To export the certificate from the source computer

  1. The end user who owns the certificate must log on to the source computer.

  2. Open Microsoft Management Console (MMC) by typing mmc in the Run dialog box.

  3. In the File menu, click Add/Remove Snap-in.

  4. In the Add/Remove Snap-in dialog box, click Add.

  5. Select Certificates from the list, click Add, and then select My user account.

  6. Click Finish, click Close, and then click OK.

  7. Browse to Certificates - Current user\Personal\Certificates.

  8. Right-click the certificate that you want to migrate.

  9. Click All Tasks and then click Export.

  10. The Certificate Export Wizard will help you store the certificate somewhere that is accessible from the destination computer (for example a floppy disk, or shared folder). When prompted, indicate that you want to export the private key along with the certificate. Upon completion, you will receive a message that the export was successful.

  11. The administrator can now collect the user state using the /efs:copyraw option on the Scanstate command line. For example:

    scanstate \\fileserver\migration\mystore /efs:copyraw /i:migapp.xml /i:migsys.xml /i:miguser.xml /v:13 /targetxp

  12. Next, the administrator should install Windows XP and applications as needed on the destination computer and then restore the user state to the destination computer using LoadState.

To import the certificate onto the destination computer. export the certificate from the source computer

  1. The end user who owns the certificate must log on to the destination computer.

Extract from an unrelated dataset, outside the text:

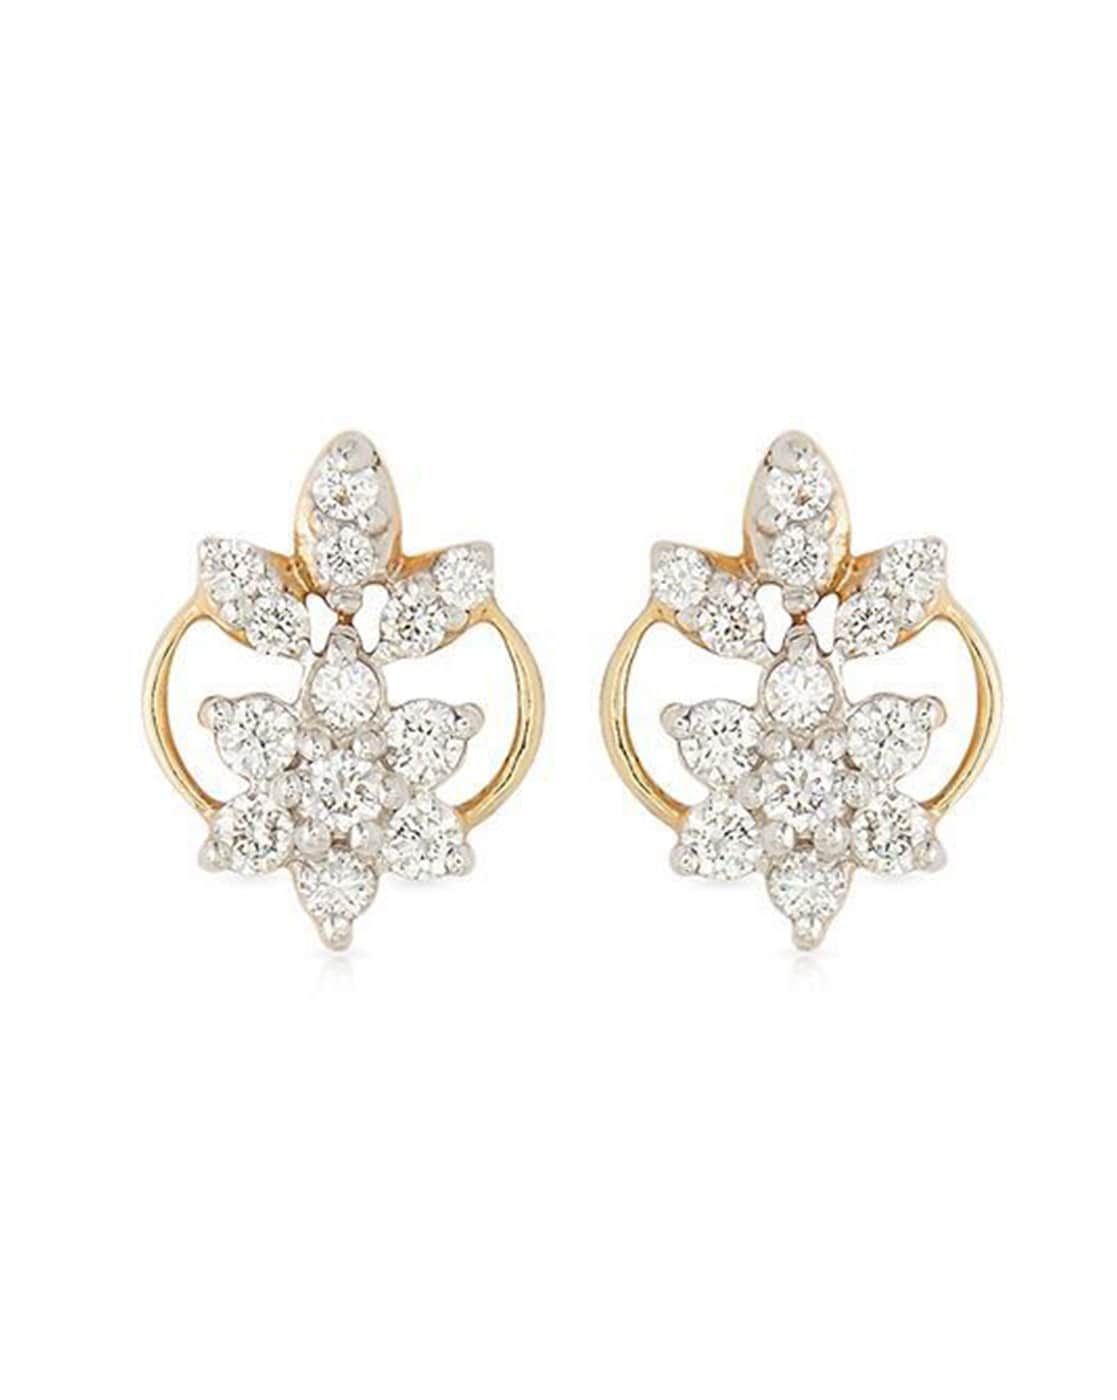 Buy Kiyara White Gold Diamond Stud Earrings Online | Designer Jewellery  online Shopping India | Diamond Earrings Online Shopping
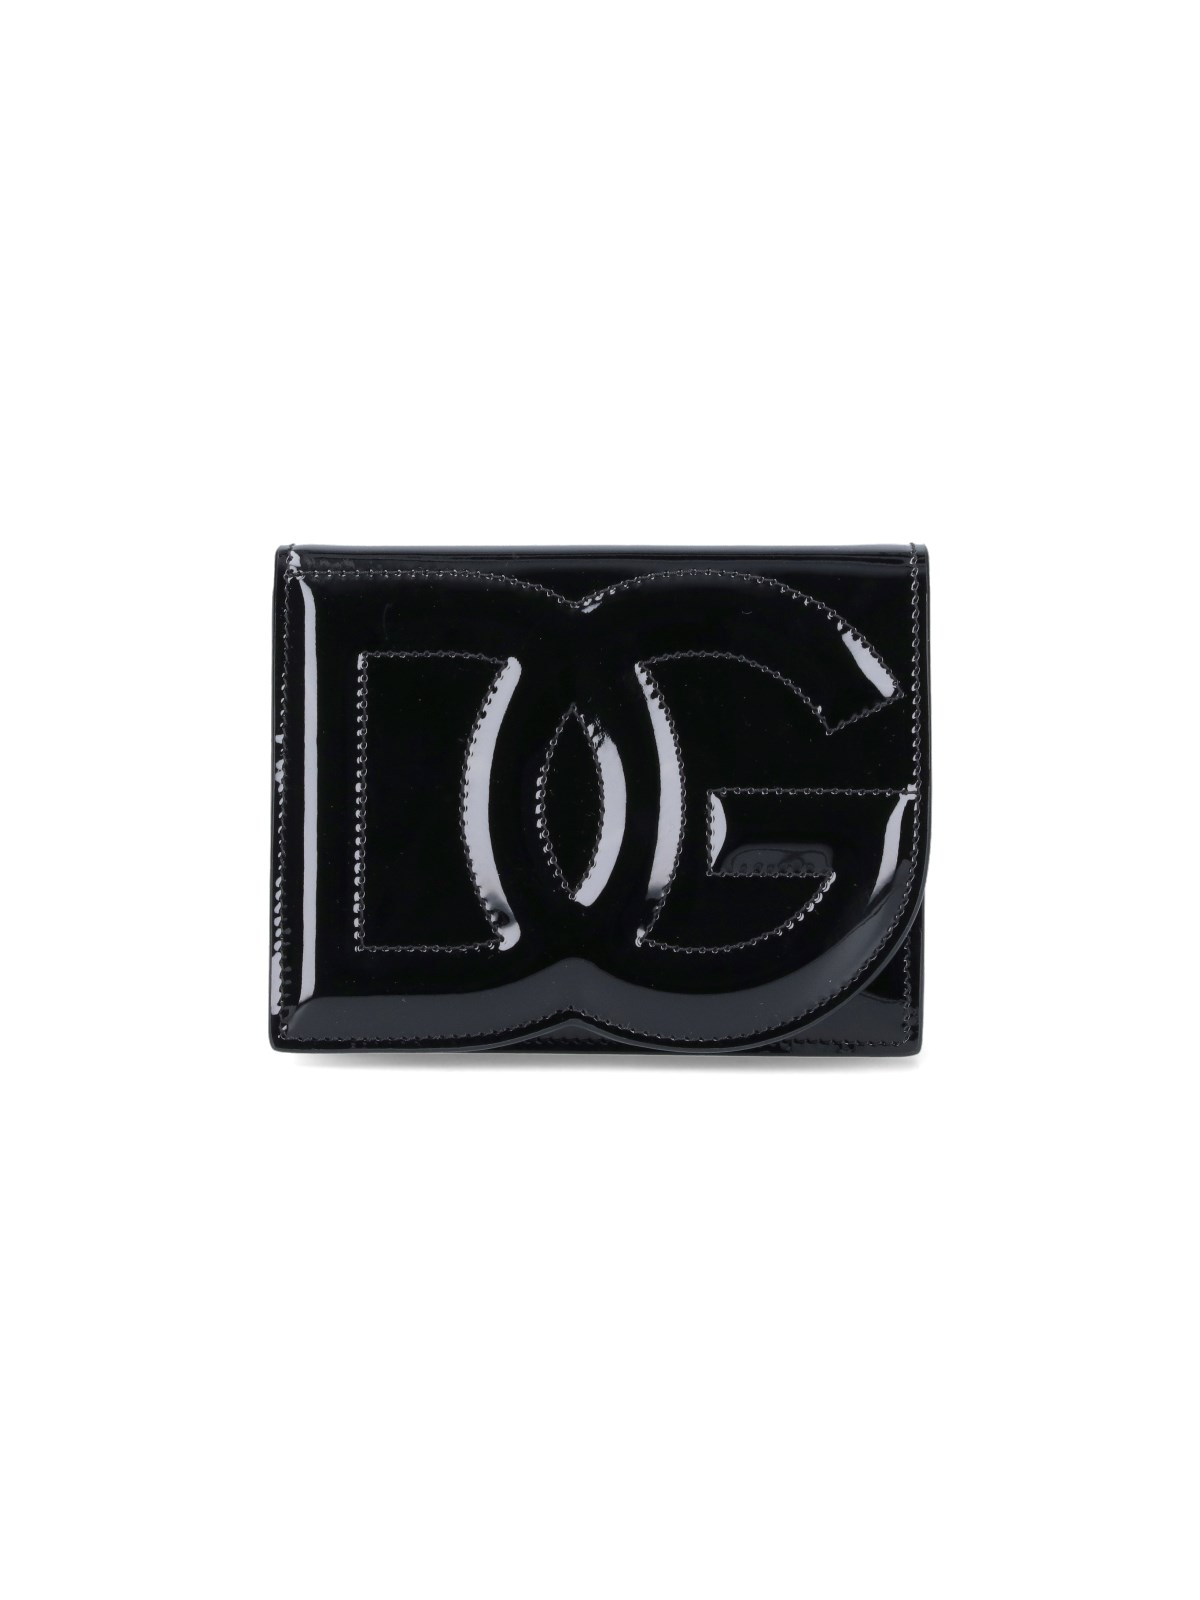 Dolce & Gabbana 'dg' Small Shoulder Bag In Black

  2. Open MMC by typing mmc in the Run dialog box.

  3. In the File menu, click Add/Remove Snap-in.

  4. In the Add/Remove Snap-in dialog box, click Add.

  5. Select Certificates from the list, click Add, and then select My user account.

  6. Click Finish, click Close, and then click OK.

  7. Browse to Certificates - Current user\Personal.

  8. Right-click Personal.

  9. Click All Tasks, and then click Import.

  10. Use the Certificate Import Wizard to locate the certificate that you exported. When browsing for the certificate, you should select Personal Information Exchange (*.pfx; *.p12) from the Files of type dropdown list box. You will need to enter the password you supplied when you exported the certificate from the destination computer.

  11. Upon completion, you will receive a message that the import was successful.